Saturday, June 27, 2009

The Sensitive Guy

From the beginning of time men have been perceived as "the rock", "the provider", "the foundation that holds every house hold together". They are strong minded, and their greatest fear is to ever be perceived as "weak". Women love a strong man, truth be told we like to be rough handled every now and then but the question is can we still love a man who carries emotional baggage? Can we really handle a sensitive man?

I'm sure by now you know every person you come across has their own sets of problems. Whether they be emotional, social, financial, physical, whatever, we all have problems. Some men deal with it pretty well. These are the men that you wouldn't even know that deep underneath that beautiful molding of a body is pain & agony. Pain & agony that they have been hiding for many years. Then there are some that wear their pain as a badge of honor. Let it be known to everyone who they come across that they too have problems and is still unable to cope with them.

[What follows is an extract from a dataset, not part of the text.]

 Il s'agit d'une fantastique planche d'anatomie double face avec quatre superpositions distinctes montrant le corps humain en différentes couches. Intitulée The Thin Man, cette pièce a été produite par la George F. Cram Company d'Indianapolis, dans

Being a female, we are natural nurturers. We listen to them and try to solve whatever problems they go through. But truth be told after a while this becomes overbearing. His negative outlook an life is a burden, constantly pulling a gray cloud over your bright and sunny day. Sure we want a guy that can express his feels, and not just be an emotionless boulder. But where do we cross the line between a sensitive guy and a guy that just needs to grow a set of balls and just accept life for what it is?

Saturday, April 25, 2009

How to move on from Mr. & Ms. "I thought" was right

It feels good to be in a relationship where you feel that trust isn't an issue. Love is in abundance and you can see yourself with this person for the rest of your life. He/She is always there, so much in common, the list goes on and on. But what happens when Mr. & Ms. Right shows they're true colors, and they're no longer the great person they seemed to be? How do you move on? How do you live life after being with them so long? Well her are a few steps in taking the next big move on in your life.

1. Who's fault is it really?
Sometimes we beat ourselves up a little too much when its not even our fault. Try to figure out what went wrong. Was it really all his fault, was it really all your fault. Take blame for things you know you are responsible and try to come to terms with them. It will help you in your future relationships so the same mistake won't ever happen again.

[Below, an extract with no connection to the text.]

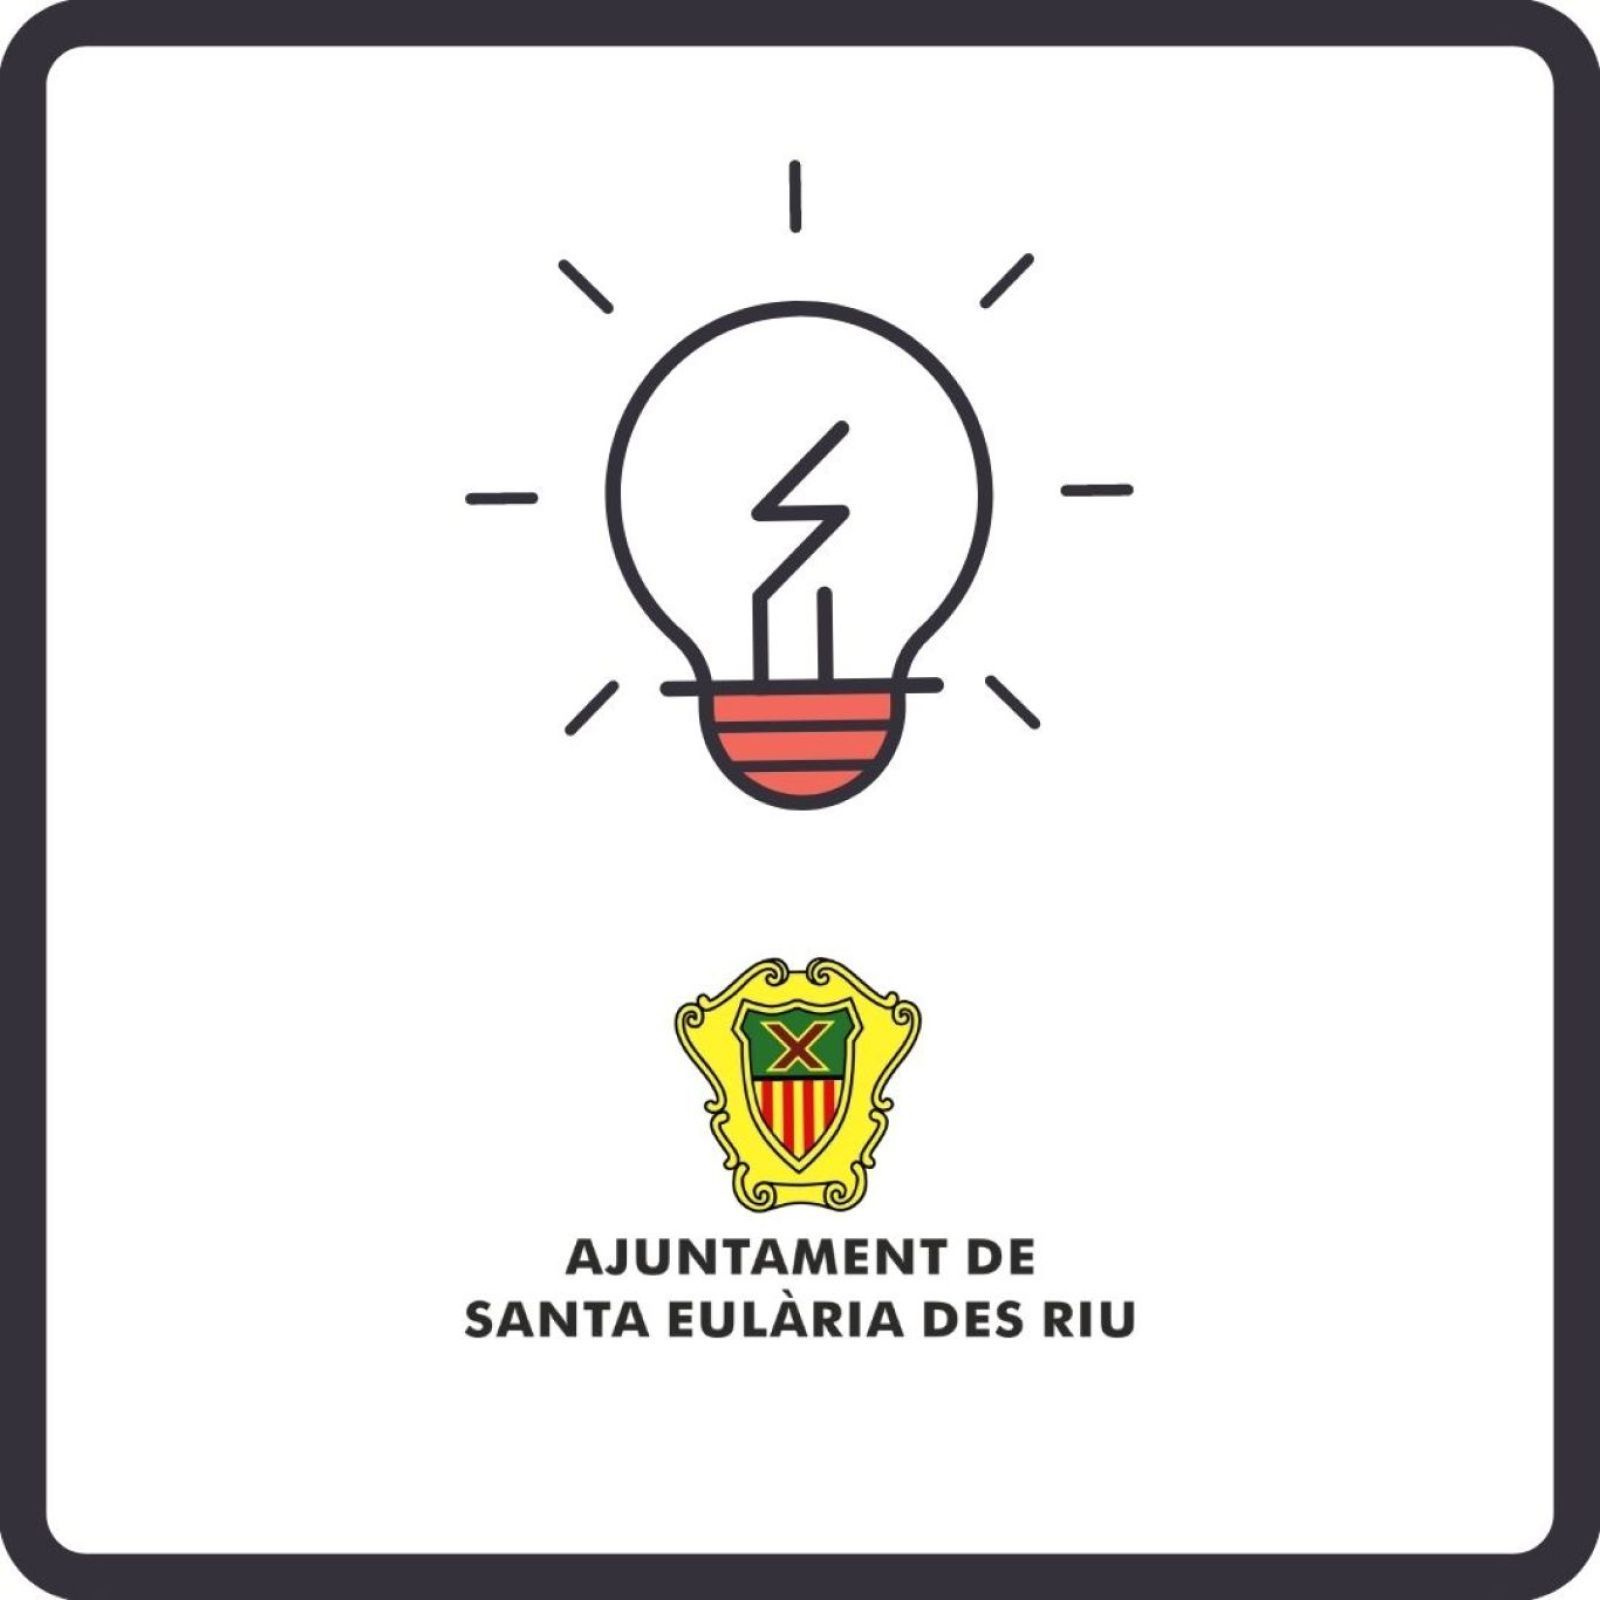 Corte temporal del suministro de energía eléctrica en diferentes zonas de Santa Eulària des Riu los días 22, 23, 24 de marzo

2. Recall the warning signs
What made you realize that Mr./Ms. Right was right after all? This will help you figure out things that you ignored. When you are out of a relationship, you instantly become aware of all the flaws one had. Now that love has released its blindfold you can see all the things that had big red flags marking it saying things like "Come on man, she parties and drinks way too much!" "Girl you know damn well he's not staying late after work." or "Damn he/she has way too many 'guy' or 'girl' friends to hang with".

3. Forgive yourself
It's not all your fault so don't go head and punish yourself by saying "I'm never going to talk to another guy for the rest of my life." or "I'm going to be celibate for the rest of my life." or "I'm never going to love again." I mean seriously, who the hell is that going to help? Mr. or Ms "I can take away all your pain away" is sitting right in front of you and your going to let that one person mess it all up for you? Get real!

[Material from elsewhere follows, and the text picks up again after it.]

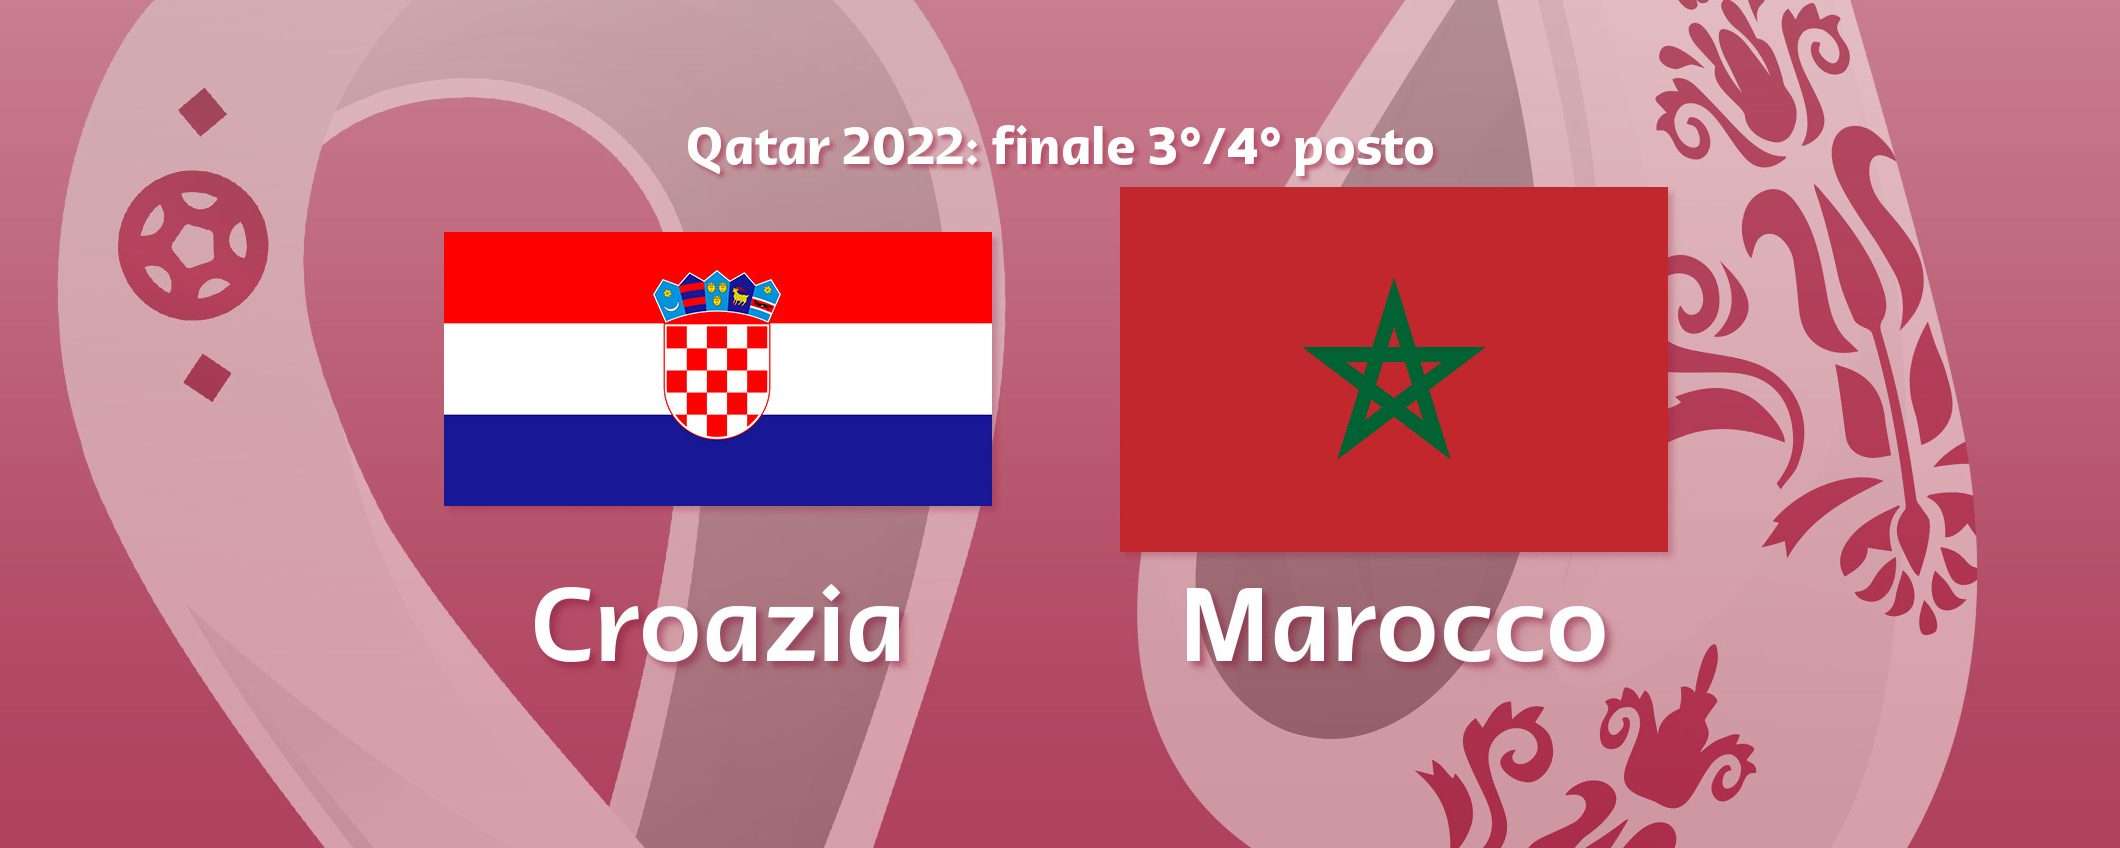 Come vedere Croazia-Marocco in streaming

4. Moving on to another steps I, II & III.

I. No one will replace them. So quit trying... the memories will always be there, so quit trying to find someone to replace and find someone to erase them. Stop trying to look for someone with similar features, face it, no matter what it won't be the same. So if she doesn't smile like she does, if he doesn't cook as good as he does, or rubs your feet the way he does. Stop punishing other people for it! Your just messing up your chances. Mr. or Ms. "I thought" was right may have given you the best foot massage you ever received but Mr. or Ms. "I can take your pain away" got lips of a God! lol

II. So they made some mistakes. That does not mean everyone else will. So give him a shot, learn to trust again. Don't close your heart... You deserve love so go out there and get it!

III. Regain confidence lost. Because without confidence, then what are we? What you thought was love was mere familiarity. You been with them for years so you think "Damn, how am I going to move on and I've spent so much of my life with them. No, your strong, you will be okay, and so will they. So throw on them heels girl, and put on that suit child! Take the world head on, you'll be just fine. Life is too short to be sitting there moping about what should have been done, and could have been done. =]

Saturday, March 28, 2009

Lately

Lately, as hard as it is to find a job..is as hard as it is to find someone. Never knew it was so much work. I do realize that right now I'm so focused. My future is so so close right now I can feel it. Trying to keep my grades up, college next year. OMG! Never had I been so eager to accept responsibility. I'm trying to get my life in order. So senior year, it's go be all about me (I wish). Only thing that's pissing me off is the fact that I can't find a dude! I have my fair share of options, complain to myself that I don't need one. Hah BULL SHIT. As I get them I lose them, then replace them, then do it all over again. This is me, just me taking on my small part of the world. So I be honest, maintain a "take me as I am" mentality. Just seems like boys now-a-days can't respect that, can't handle the full blooded truth. So what do I do?